A Comparison of Methods of Discontinuing Nasal CPAP in Premature Infants <30 Weeks Gestation

Not Applicable

Completed

Interventions: Device: Discontinue NCPAP after weaning pressures
Device: Discontinue NCPAP without weaning pressures

Brief Summary: The purpose of this study is to determine if among infants \<30 weeks gestational age on nasal continuous positive airway pressure (NCPAP), whether discontinuing CPAP after gradual reduction in continuous positive airway pressure (CPAP) pressure leads to successful weaning off CPAP when compared to discontinuing CPAP without weaning pressure.

Recruitment & Eligibility

Inclusion Criteria

All infants < 30 weeks by dates, on NCPAP therapy, on caffeine 10mg/kg daily
Meet CPAP stability criteria for ≥ 12hours (CPAP 6 cm water (H2O), FiO2 </=0.25 and stable (to maintain sats 85-95%), Respiratory rate consistently less than 60, Mild to no subcostal/intercostal retractions, No Apnea or bradycardia event that requires bag mask ventilation, Less than 3 apnea/brady/desat episodes in any 1 hour period for previous 6 hours, Tolerated time off CPAP during routine CPAP care (~15 min)

Exclusion Criteria

Arm && Interventions

Group	Intervention	Description
Discontinue NCPAP after weaning pressures	Discontinue NCPAP after weaning pressures	After randomization, CPAP pressure will be weaned by 1 every 24hours as long as the subjects continue to meet stability criteria after each wean, until CPAP of 4. If after decrease in CPAP pressure, the subject meets CPAP failure criteria pressure will be increased back to the previous level and after stabilization for 24 hours weaning process will be started again. Once the subject meets stability criteria on CPAP of 4, NCPAP will be stopped and subject will be placed on nasal cannula (NC) according to unit guidelines (max 1 Liter flow, 30% FiO2).
Discontinue NCPAP without weaning pressures	Discontinue NCPAP without weaning pressures	After randomization, once the subject meets stability criteria, NCPAP will be stopped and subject will be placed on nasal cannula (NC) according to unit guidelines (max 1 Liter flow, 30% FiO2).

Primary Outcome Measures

Name	Time	Method
Number of Days on NCPAP or Mechanical Ventilation	from randomization until 28 days post-randomization	Subjects might go on and off NCPAP or mechanical ventilation throughout the 28 days after randomization, and the total number of days will be reported.
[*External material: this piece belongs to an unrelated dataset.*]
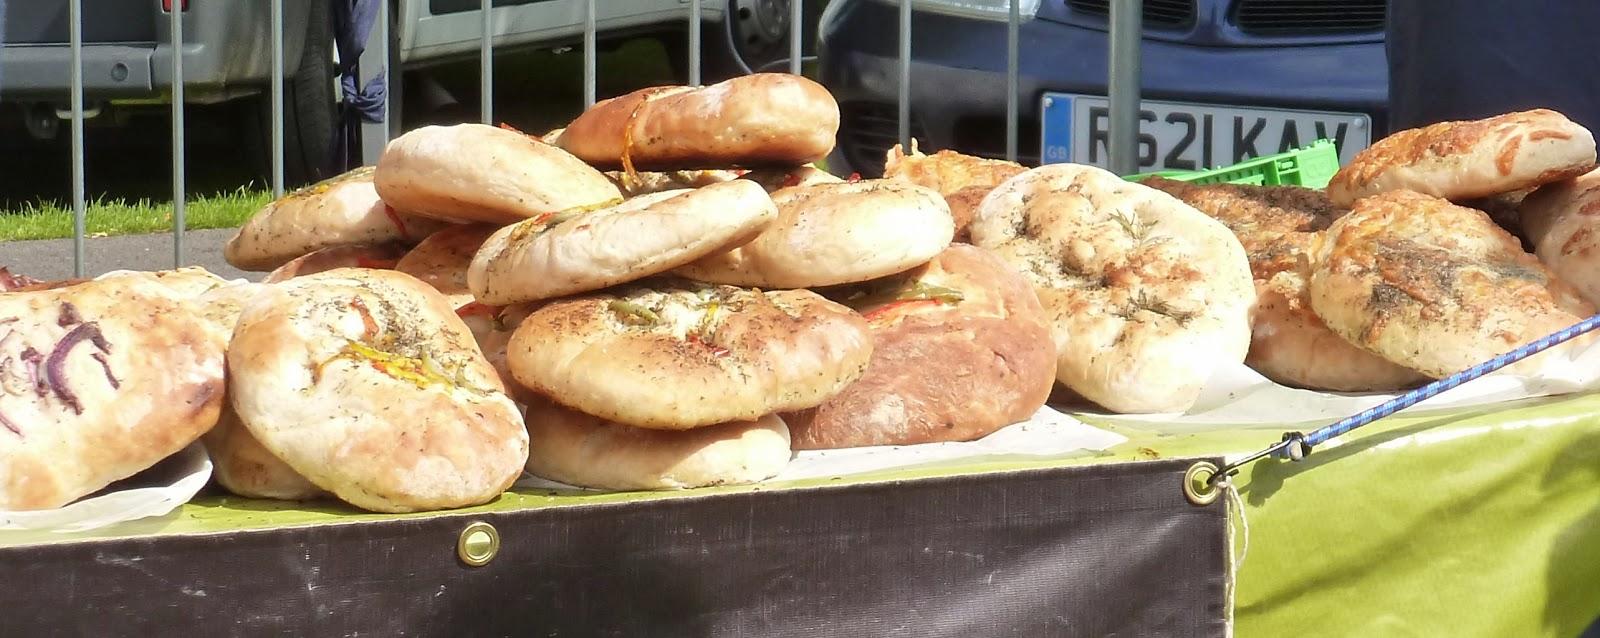 The great british food festival 2014 fresh bread
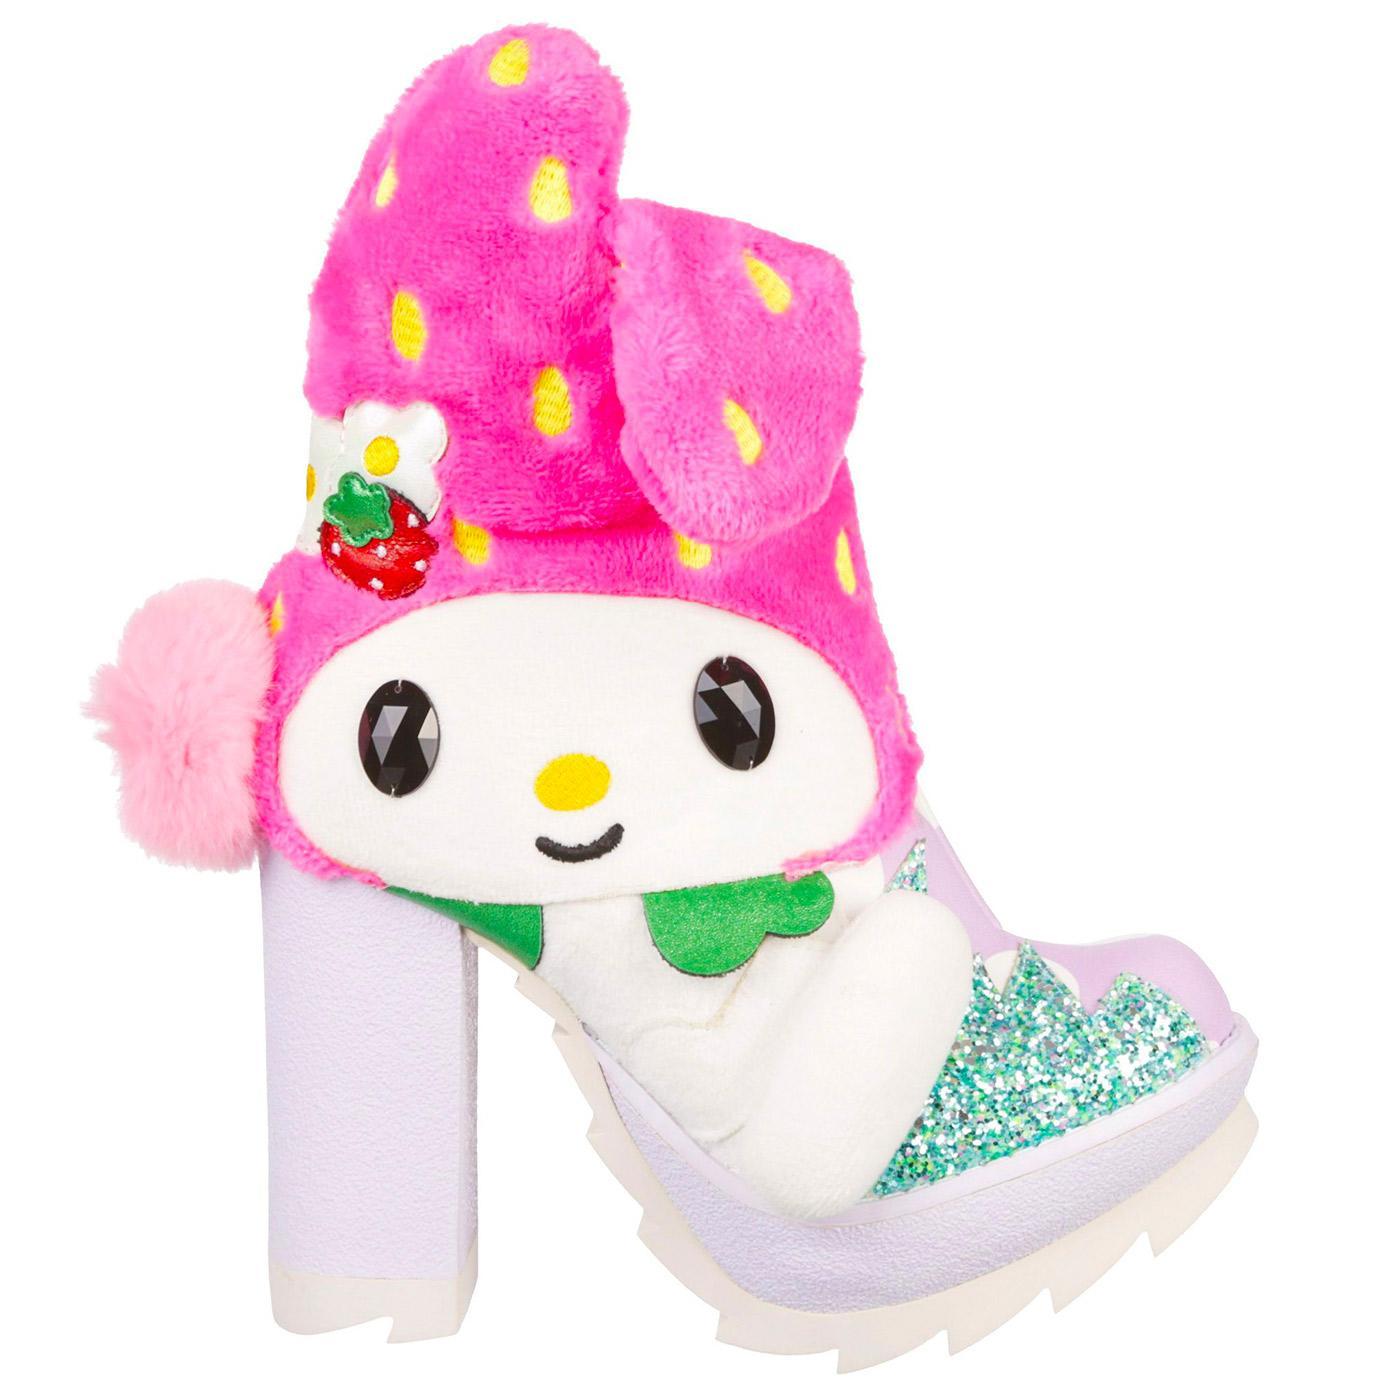 IC x HELLO KITTY Everyone Loves You Heels

Secondary Outcome Measures

Name	Time	Method
Number of Participants Who Failed to Wean Off NCPAP	from randomization until discharge (about 92 days)
Duration of Endotracheal Ventilation	from randomization until 28 days post-randomization	Subjects might go on and off endotracheal ventilation throughout the 28 days after randomization, and the total number of days will be reported.
Length of Hospital Stay	from admission to hospital until discharge (about 92 days)
Number of Participants Who Developed Necrotizing Enterocolitis	from randomization until discharge (about 92 days)
Number of Days of Life at Which Infant Starting Taking All Feeds by Mouth	from randomization until discharge (about 92 days)
Number of Participants Who Developed Bronchopulmonary Dysplasia	from randomization until discharge (about 92 days)
Number of Participants Who Developed Air Leak Disorders	from randomization until discharge (about 92 days)	Air leak disorders include pneumothorax, pneumomediastinum, and pulmonary interstitial emphysema.